Cost of goods increased by $1,957,869, or 26.5% to $9,359,380 for the year ended December 31, 2025, as compared to $7,401,511 for the year ended December 31, 2024. Substantially all of the increase was attributable to $2,199,985 in non-recurring inventory adjustments arising from the reconciliation of inventory records in connection with the Company's transition to a new accounting system during the year. Management does not expect similar adjustments to recur following the completion of the system transition. Excluding these adjustments, cost of goods sold would have been $7,159,395, relatively flat year-over-year, consistent with prior year levels relative to revenue volume. Management believes this adjusted measure provides useful information to investors as it reflects the Company's ongoing cost structure without the impact of the system transition-related adjustments.

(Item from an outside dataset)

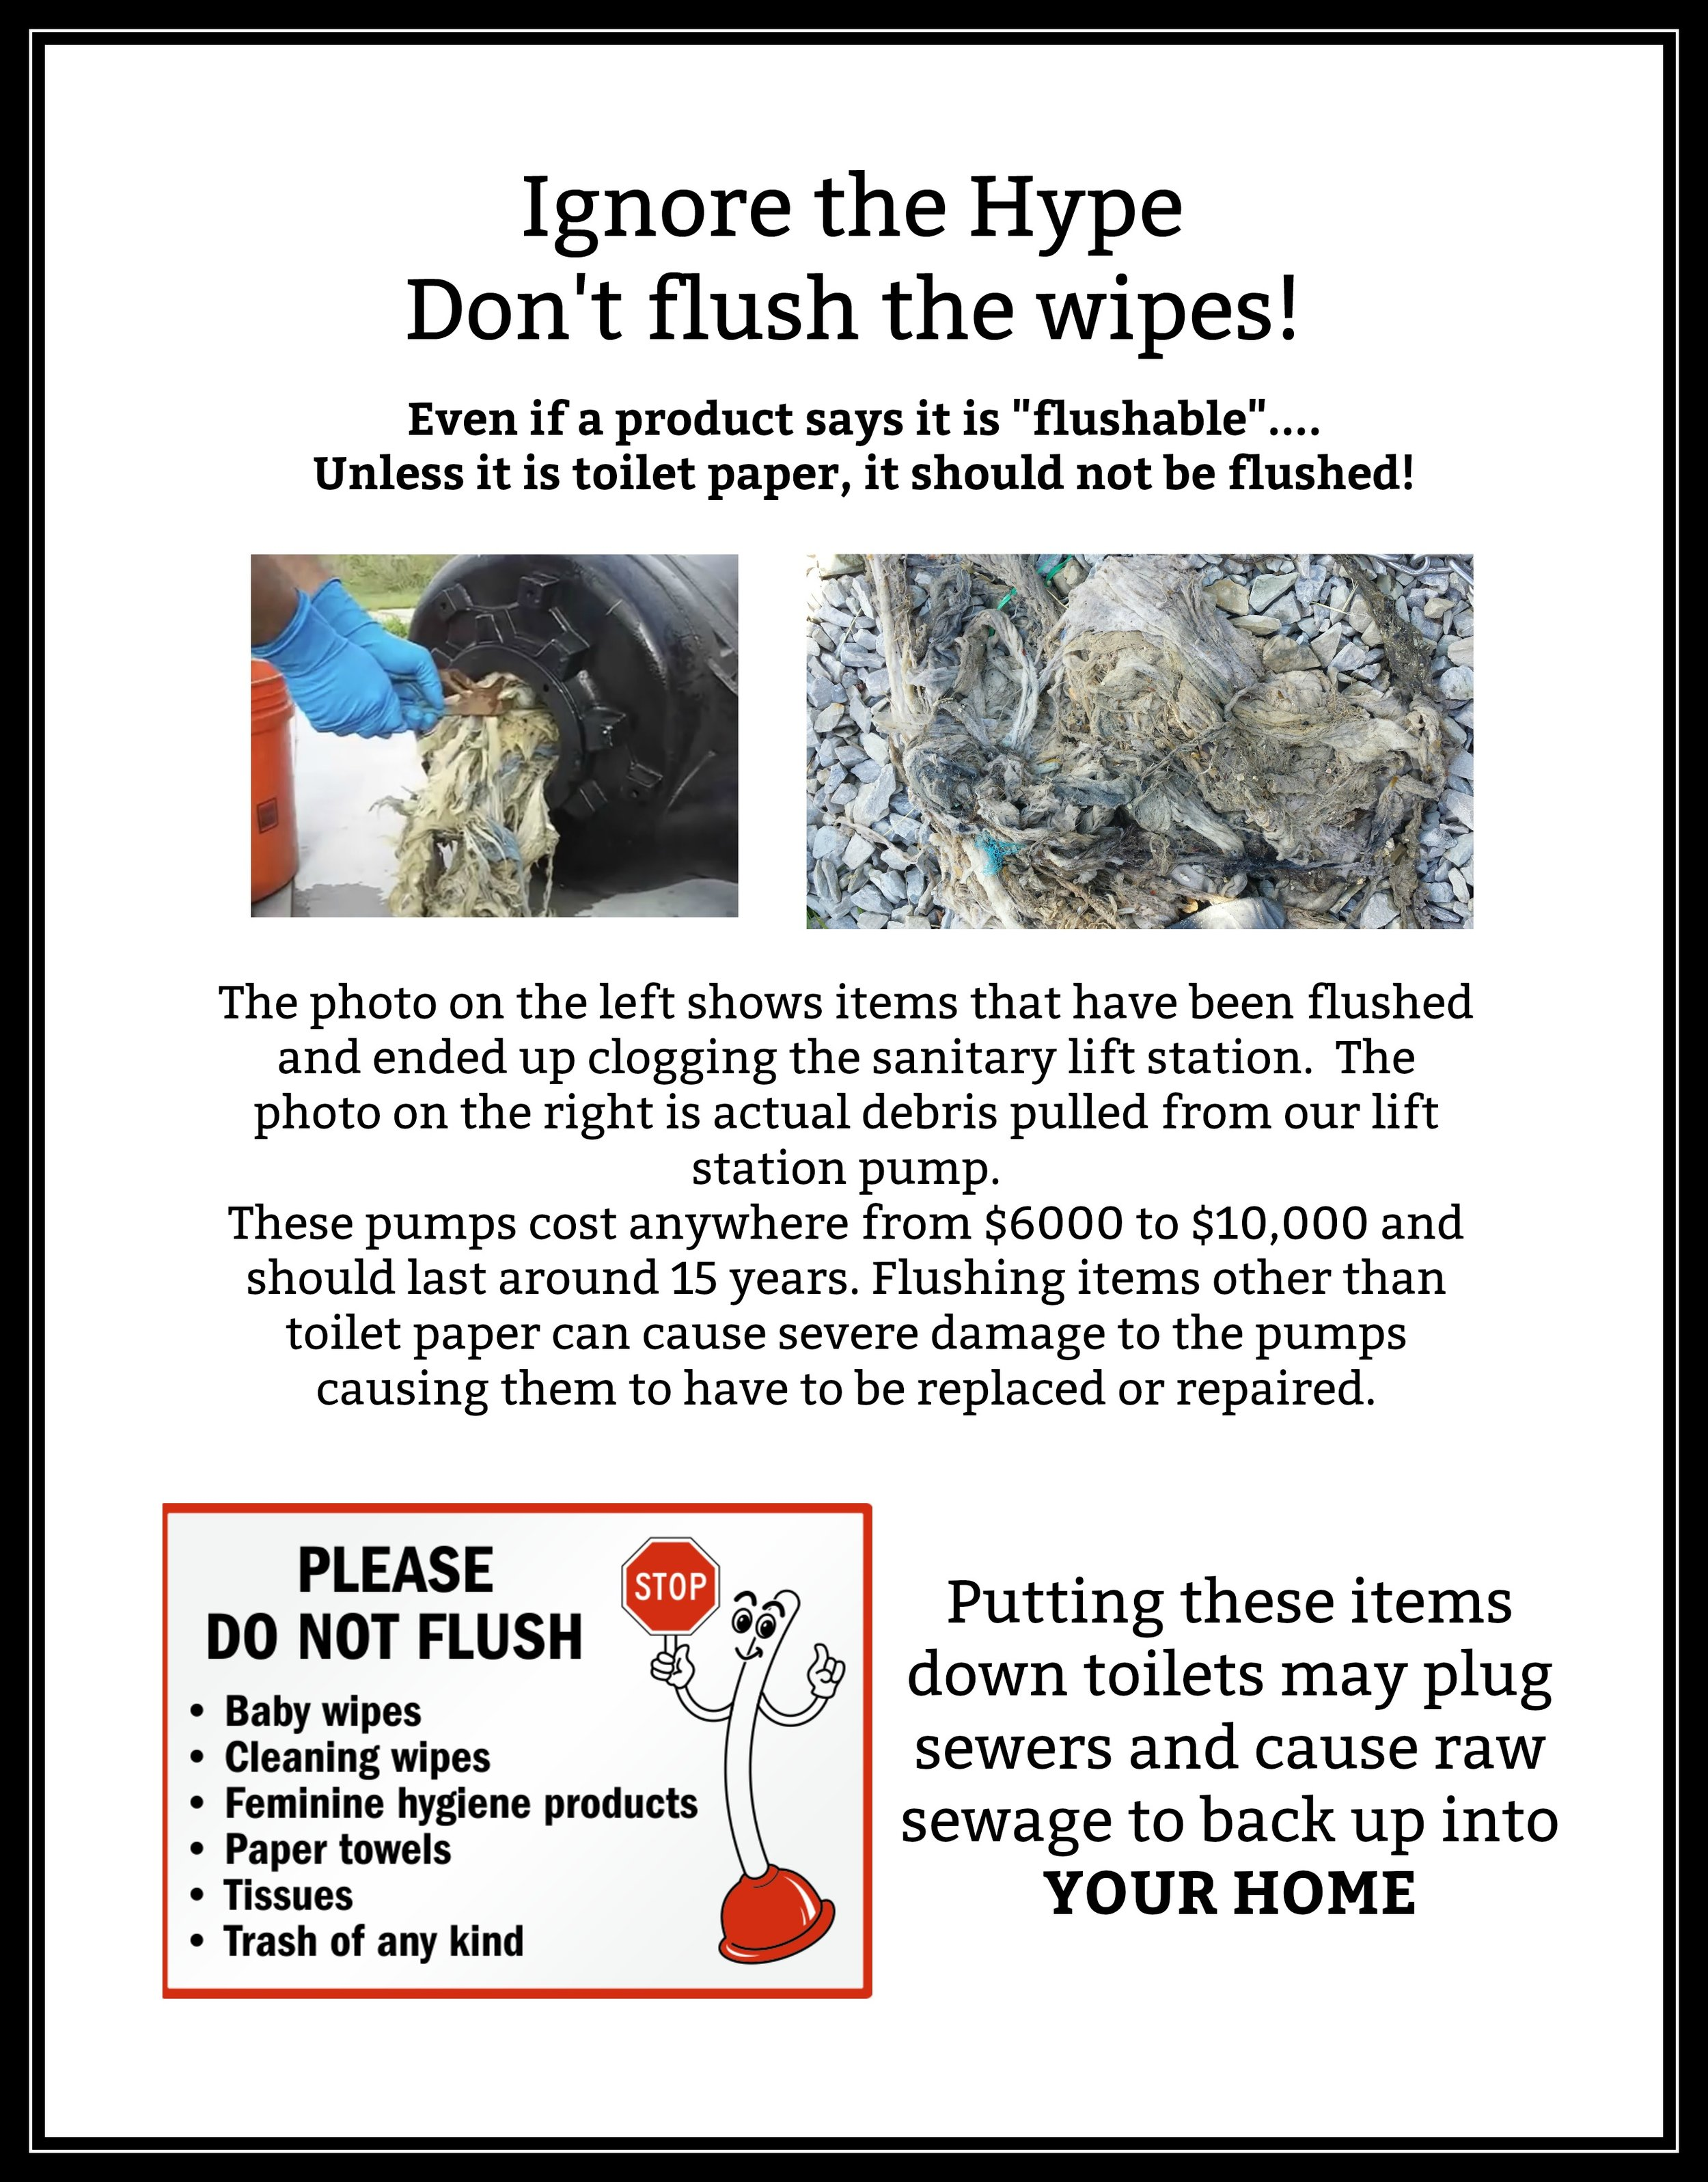 Don't flush wipes with frame.jpg

Gross profit decreased $4,361,521, or 31.4%, to $9,519,617 for the year ended December 31, 2025, compared to $13,881,138 for the year ended December 31, 2024. Gross margin declined to 50.4% from 65.2%, primarily reflecting the impact of the inventory reconciliation adjustments described above and the decline in higher-margin content software subscription revenue. Excluding the $2,199,985 inventory adjustments, adjusted gross profit of $11,719,602 and adjusted gross margin would have been approximately 62.1%, compared to 65.2% in the prior year. Management presents these adjusted measures to provide investors with additional insight into the Company's underlying operating performance exclusive of the system transition-related adjustments.

Operating Expenses

Total operating expenses decreased $362,128, or 2.3%, to $15,621,971 for the year ended December 31, 2025, compared to $15,984,099 for the year ended December 31, 2024. While the aggregate change was nominal, this overall stability masks significant and largely offsetting movements within individual expense categories, each of which is discussed below.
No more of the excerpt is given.